Stelter’s firing was foreshadowed back in June, when the New York Post (6/7/22) reported that new CNN boss Chris Licht was gunning for hosts who couldn’t “adjust to a less partisan tone and strategy.”
In April, Warner Bros. Discovery CEO David Zaslav said he wanted to distinguish CNN from cable news “advocacy networks” (Wall Street Journal, 4/14/22). In June, Licht asked staff not to use the term “big lie” when talking about Trump’s lie that the 2020 election was stolen; one CNN “insider” told Mediaite (6/15/22) they suspected Malone’s influence.
In a June article on changes Licht was making at the network, the New York Times‘ Michael Grynbaum and John Koblin (6/5/22) reported that the network was making “a redoubled effort to reach viewers of all stripes.” By “of all stripes,” Grynbaum and Koblin appeared to mean “Republican”; no efforts to attract progressives were noted, while they did report that Licht told producers and journalists recently that “he wanted to book more Republicans and conservatives on political shows to offer a wider range of viewpoints.”
AP‘s David Bauder (8/18/22) reported that Licht “has made it known internally that he’s not interested in conflict between CNN and Fox News on the network.” Notably, Bauder wrote that while anchor Brianna Keilar “had also attracted attention for detailed critical pieces on Fox…they have stopped since Licht took over.”
‘Represents [Malone’s] thinking’

John Malone told the New York Times (8/18/22) that he had “nothing to do with” Stelter’s cancellation—other than it being the kind of ideological purge that said he wanted when he bought the network.
Stelter had written in his widely read newsletter (CNN.com, 2/7/22) that Malone’s comments “stoked fears that Discovery might stifle CNN journalists and steer away from calling out indecency and injustice.” He pushed back against Malone by name, pointing out the contrast between CNN‘s international team of on-the-ground reporters and Fox‘s overwhelming reliance on punditry rather than reporting:
The people who say the Zucker-era CNN was lacking in real journalism clearly were not watching CNN directly. My best guess is that they were watching talking heads and reading columnists complain about CNN. And yes, I’m including John Malone in this.
Malone told the New York Times (8/18/22) that he had “nothing to do with” Stelter’s cancellation, but in the same breath added that he wants “the ‘news’ portion of CNN to be more centrist, but I am not in control or directly involved.” Deadline (8/19/22) reported that an inside source said: “If this isn’t coming from John Malone directly, it sure represents his thinking with lieutenants doing his bidding.”
Independence is the cornerstone of journalism; without the ability to criticize those in power—including your own bosses—news is nothing more than stenography and propaganda. Independence also means, for a media reporter, focusing on attacks on the press based on who is actually committing them, not seeking balance where none exists.
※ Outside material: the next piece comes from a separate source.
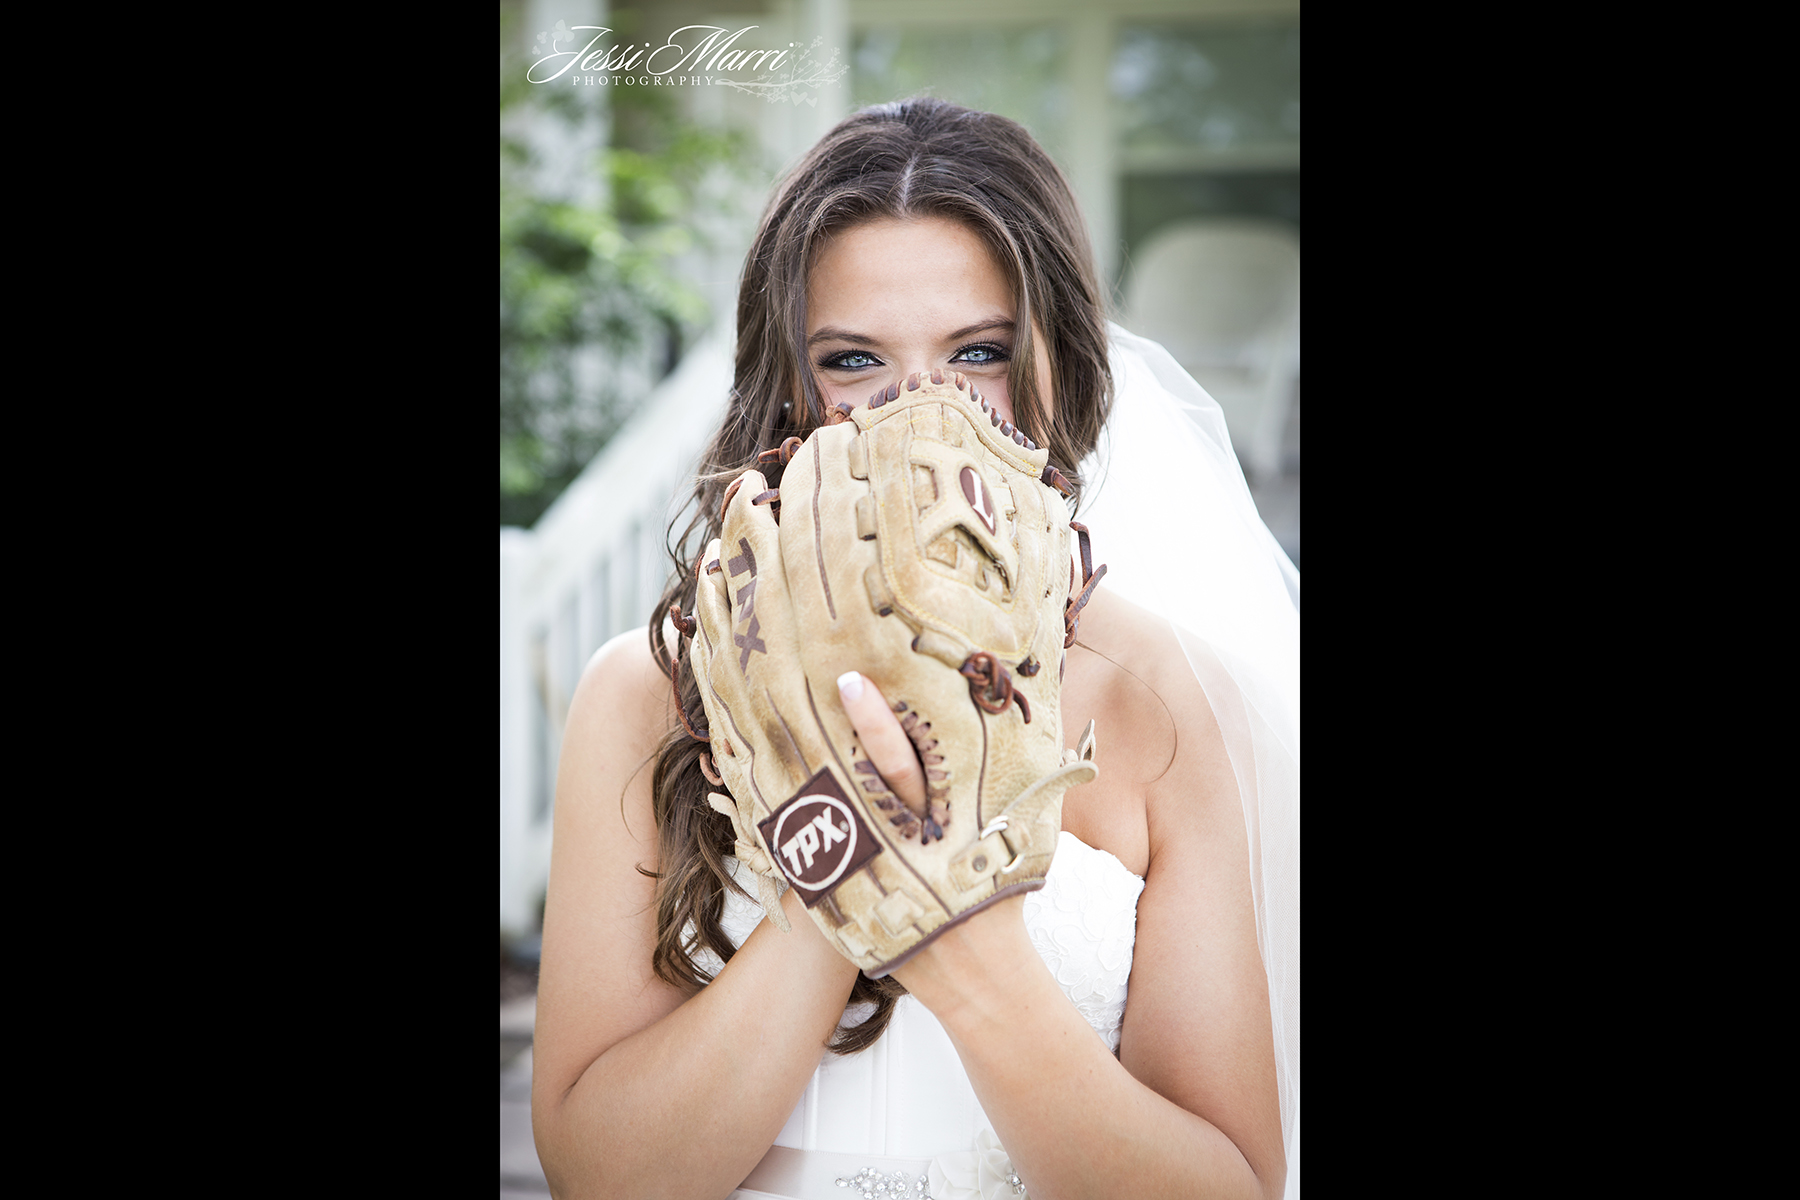 Baseball Bride

Journalists at corporate media outlets like CNN are never truly independent, as FAIR has long argued. Those who stray outside a certain status quo (such as supporting a free Palestine outside of work hours, or opposing a US war of aggression) pay the price. Whether it was more Stelter’s criticism of Malone or his criticism of Fox that led to his removal, CNN‘s move sends a strong signal about what level of journalistic independence Malone and Licht will tolerate.
‘I get better press from CNN’

Dan Froomkin (Press Watch, 8/19/22): “CNN, far from offering any defensible reason for axing Stelter, has given every indication they fired him precisely because he was the right-wing propaganda machine’s No. 1 target.”
While those in power at CNN may want to move the network to the “center,” it’s worth dispelling the notion that the network was ever in the tank for the left. Previous CEO Zucker prioritized spectacle and ratings over journalism, without any particular political or principled agenda.
Zucker was roundly criticized by both the left and right for his “singular” role in Trump’s rise to power, handing “astonishing” amounts of free airtime to Trump in the 2016 election—rarely factchecked—and hiring Trump’s former campaign manager as an on-air analyst (Washington Post, 10/2/16; New York Times, 12/1/16). Until Fox News belatedly went all in on Trump, the candidate declared that “I get better press from CNN than I do Fox” (The Hill, 12/17/15).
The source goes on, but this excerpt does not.